The sooner they left, the sooner she'd be able to deal with all of this better.
It must have shown. “Fidget while you can,” he told her sourly. “You're not going to do it once we leave. You'll draw attention.”
She forced herself to be still a few minutes later when Arthur shut her laptop and stuffed it into a bag. “We have two hours until our flight leaves.”
“You've done this before,” she pointed out.
Arthur gave her a dose of that neutral expression she'd seen so much already. She was beginning to hate it now. "I have," he replied blithely. "And you're welcome, by the way."
Ariadne felt anger and guilt settle in her. "Look," she said and hoped that he would give her his attention again. He did not.
Arthur didn't stop gathering what he was planning on taking with him. "Don't worry about it," and he didn't even look in her direction. "This is part of what I do. Even if I don't do it often."
"Thanks.
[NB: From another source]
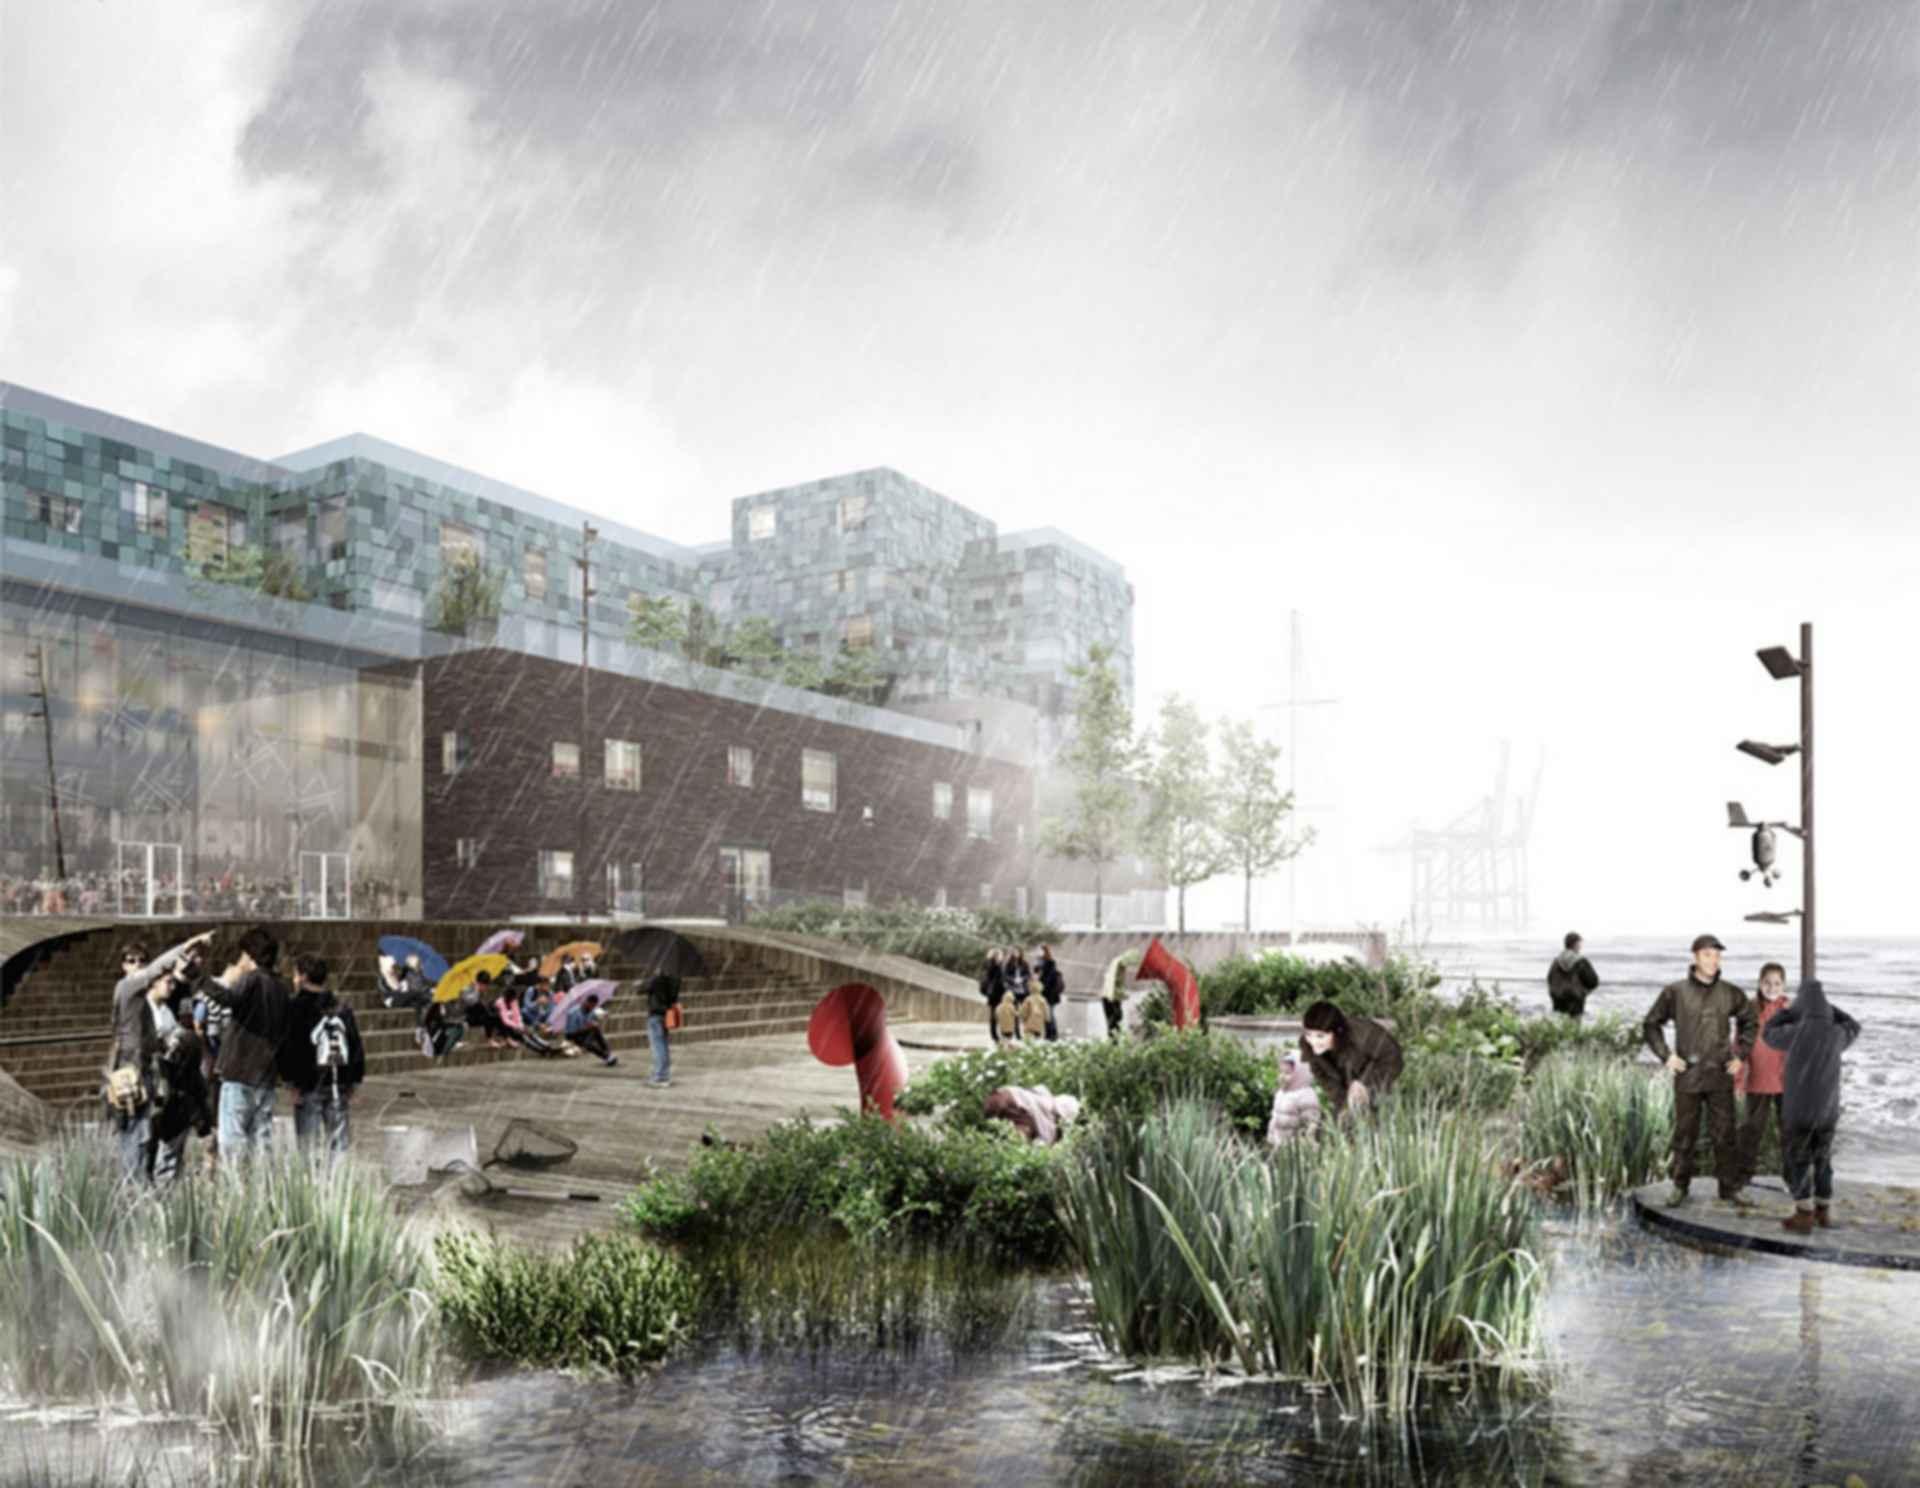 The Nordhavn Islands - concept design

For saving my life," because even if he was shutting her out and they were going back to being coworkers, she needed to make sure he knew she was thankful, at least. "I doubt this is the kind of vacation you wanted."
He ignored her and she felt that much more angry at him for it. Fine. If he wanted to ignore her, she could do the same to him.
Quietly, they gathered up their few things and when they stood out in the hallway, she locked the cheap deadbolt of what was once her home and hoped that Arthur knew what he was doing. For both their sakes'.